### EXERCISE BRIEF
From the line that contains "La deuxième phase" down to the final line below, please repeat each line exactly and nothing more, with no pictures.

SUPPLIED INFORMATION: Begin

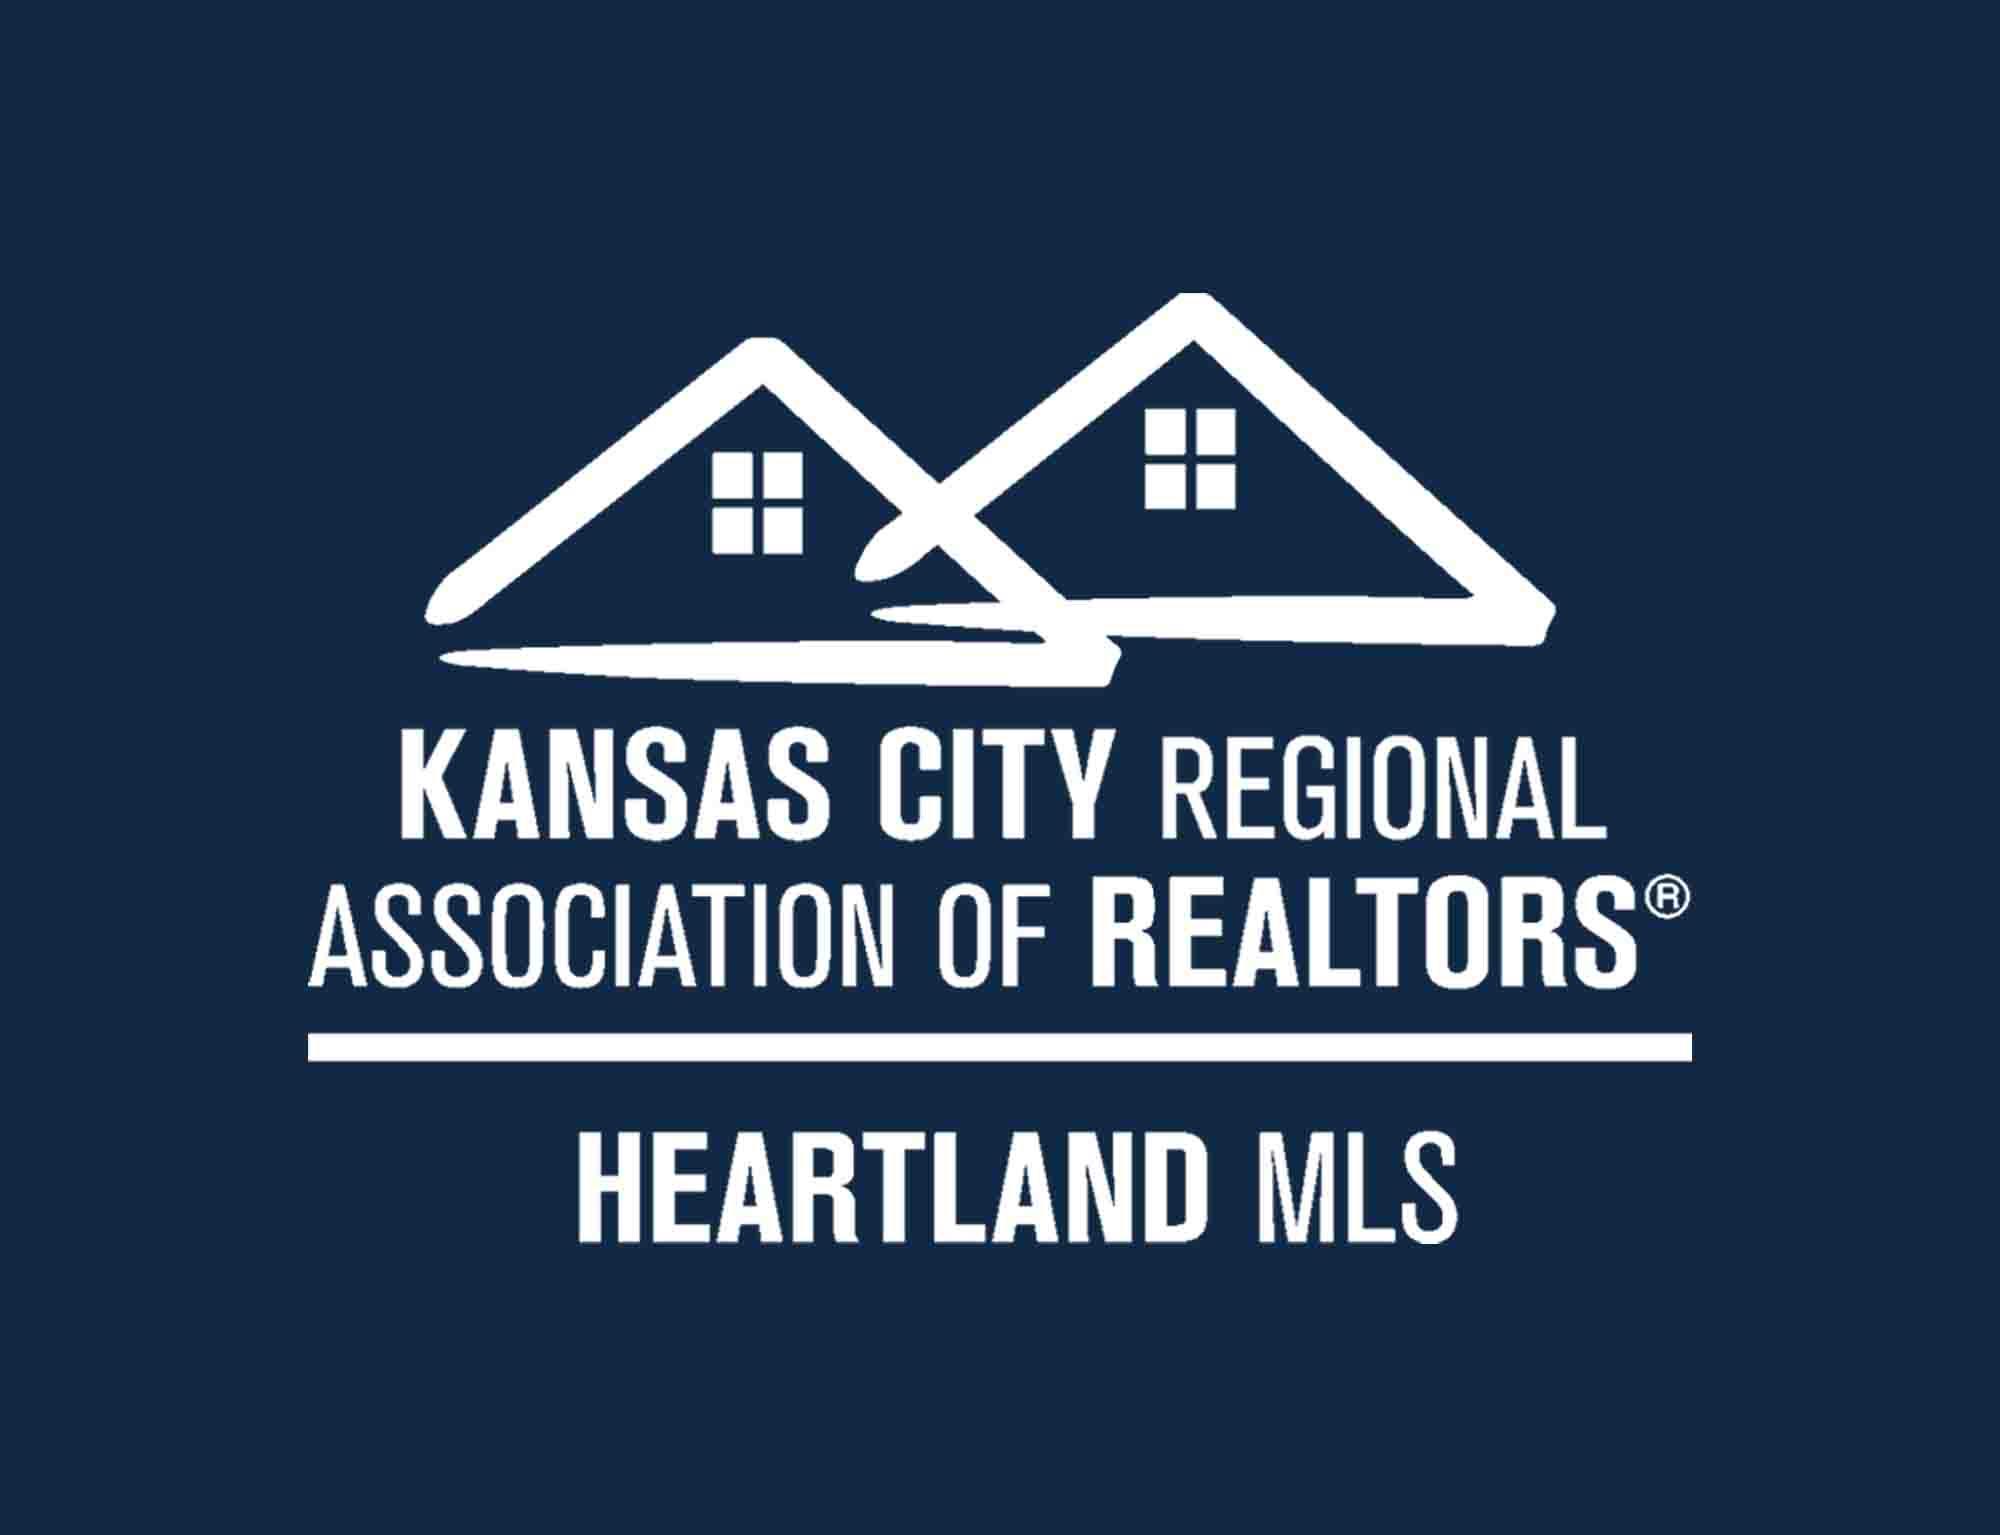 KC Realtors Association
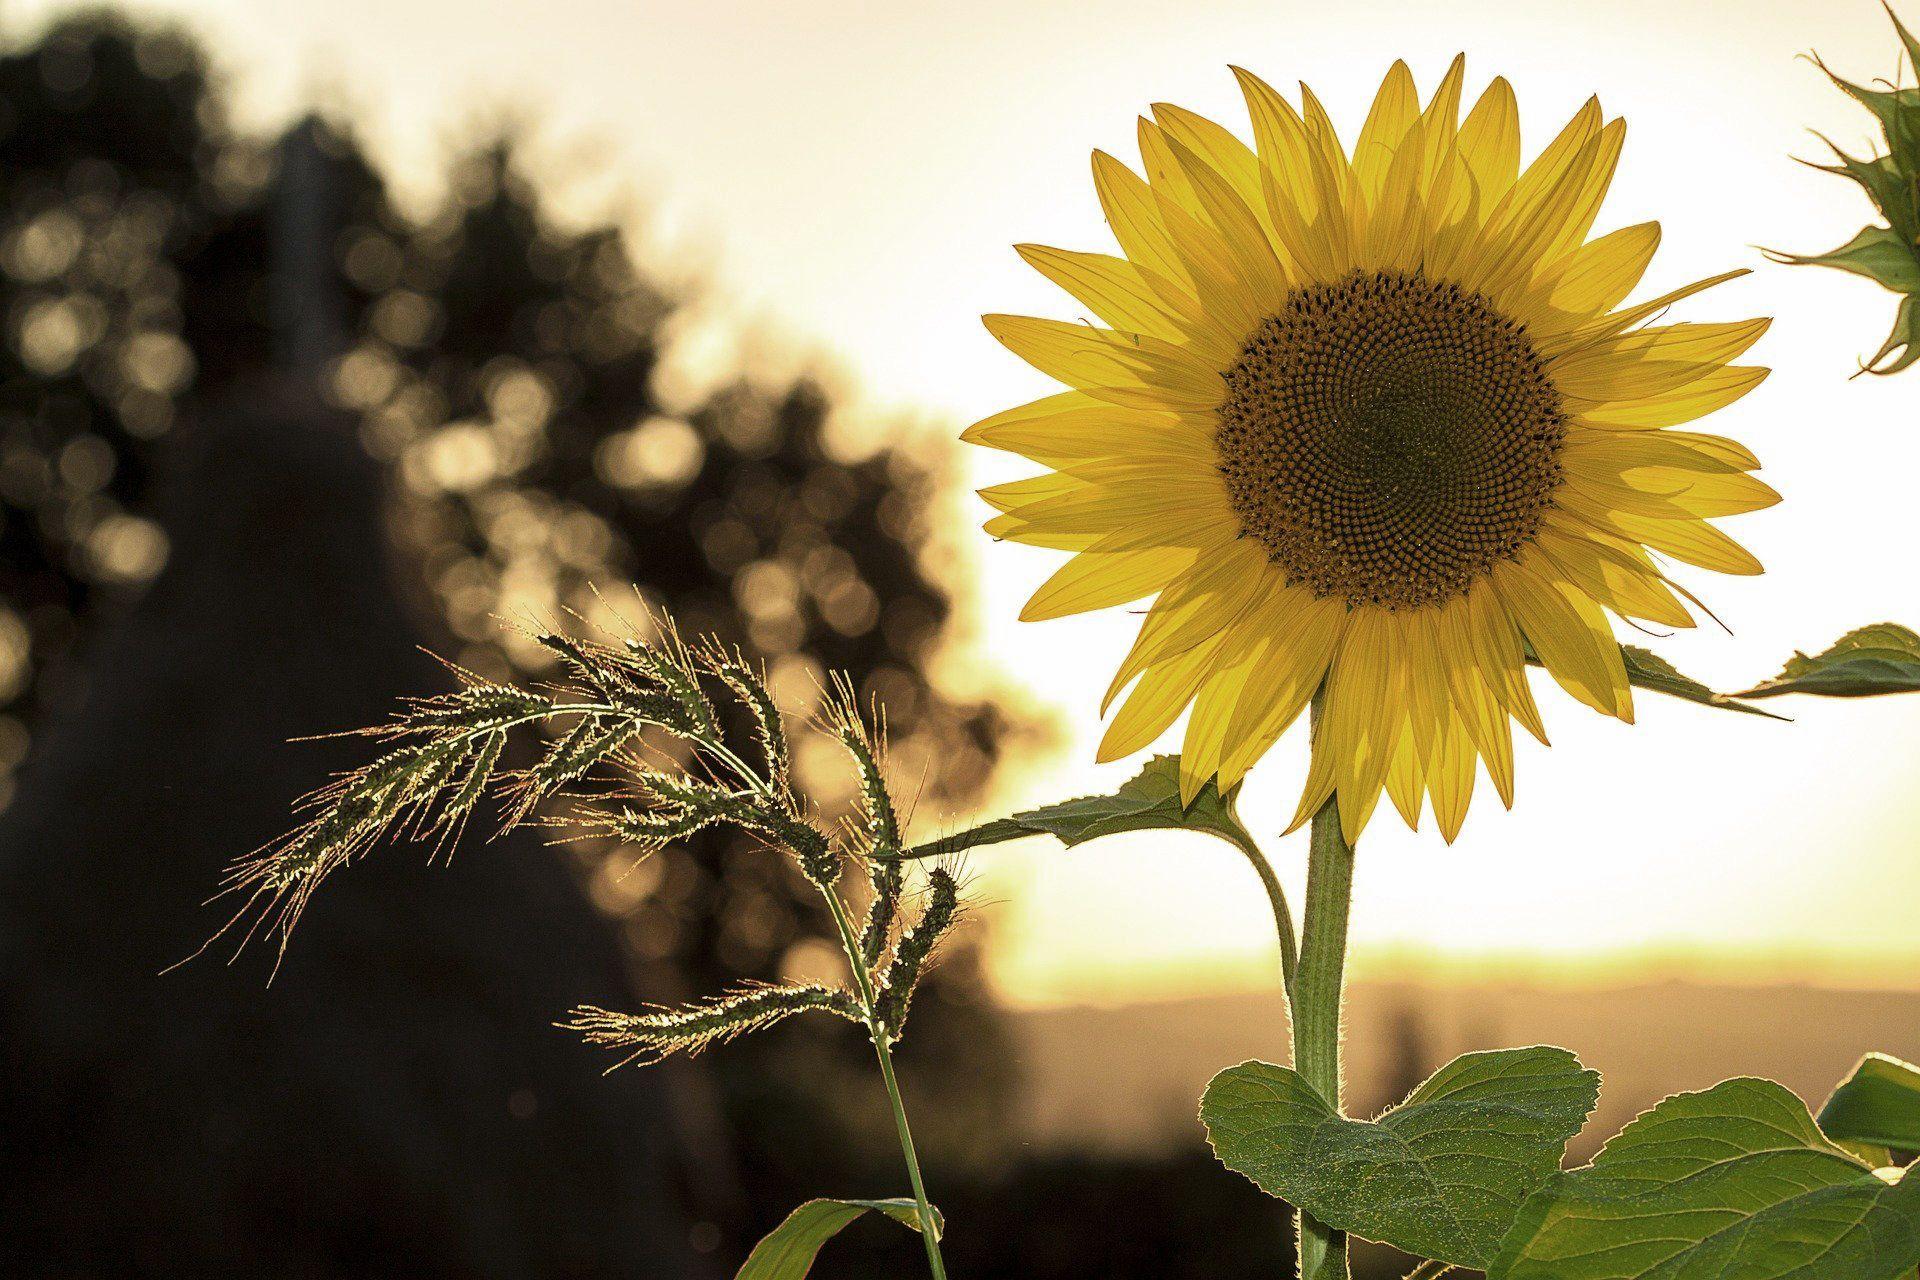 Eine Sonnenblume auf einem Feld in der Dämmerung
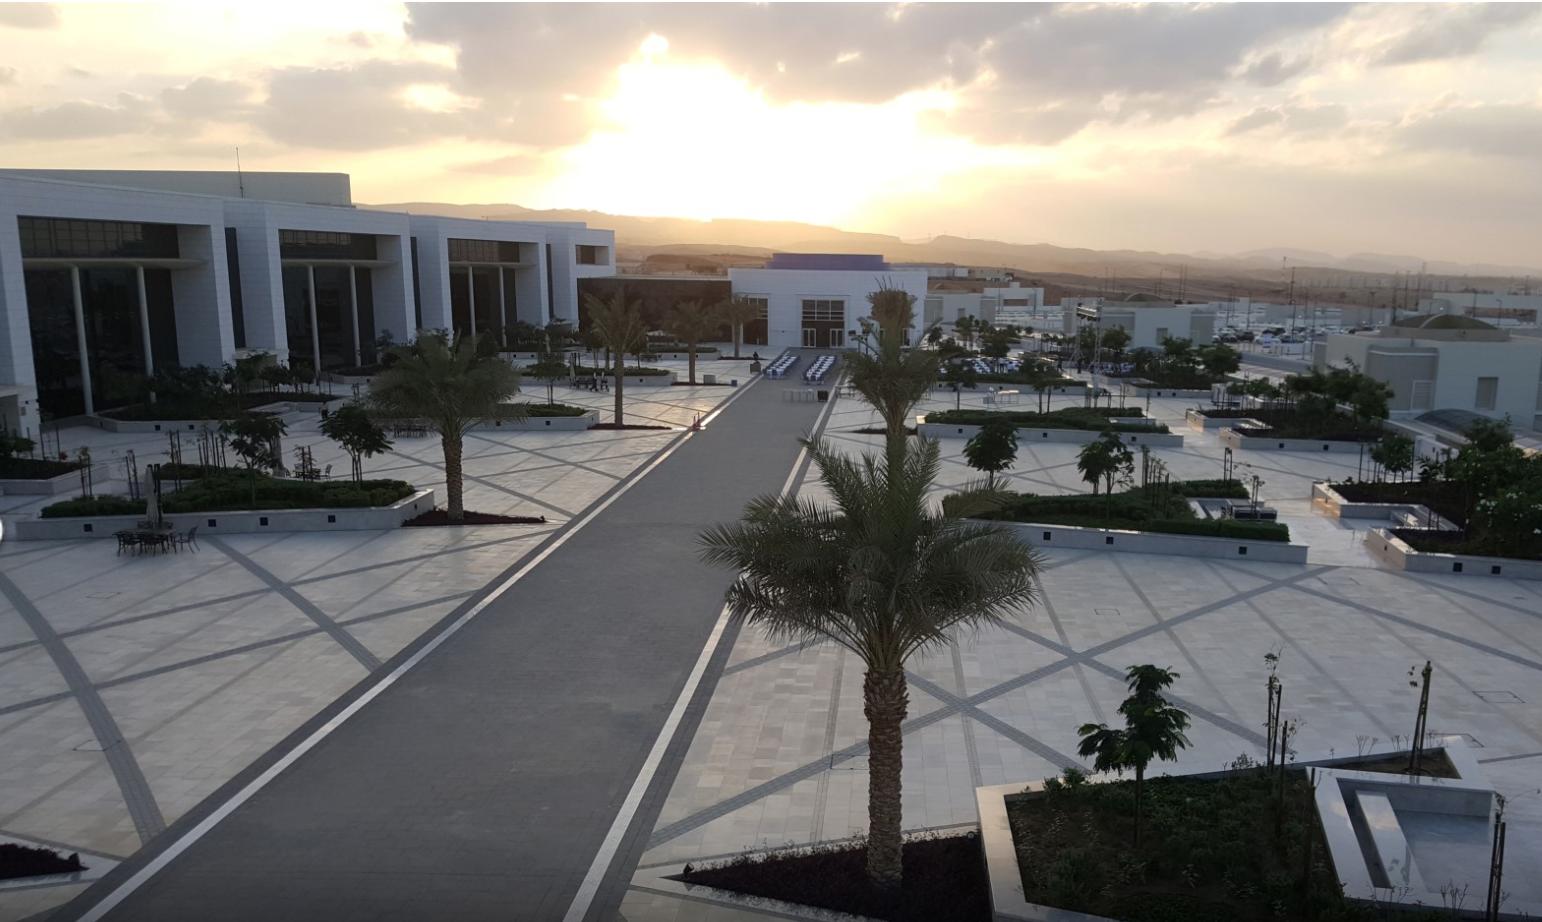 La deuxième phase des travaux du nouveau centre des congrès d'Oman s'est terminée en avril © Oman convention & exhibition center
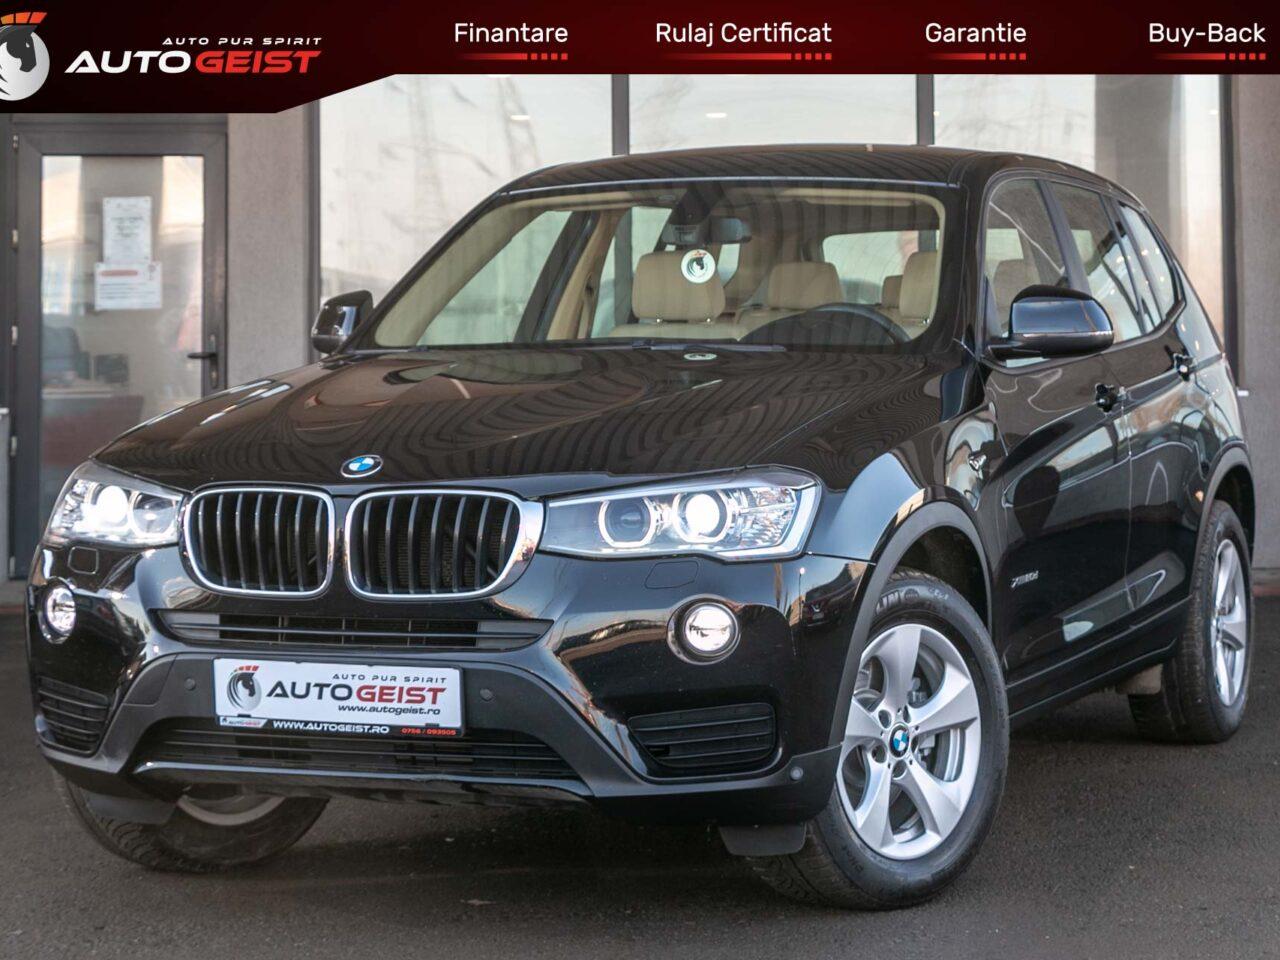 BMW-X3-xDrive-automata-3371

SUPPLIED INFORMATION: End

### RESPONSE
 La deuxième phase des travaux du nouveau centre des congrès d'Oman s'est terminée en avril © Oman convention & exhibition center
 BMW-X3-xDrive-automata-3371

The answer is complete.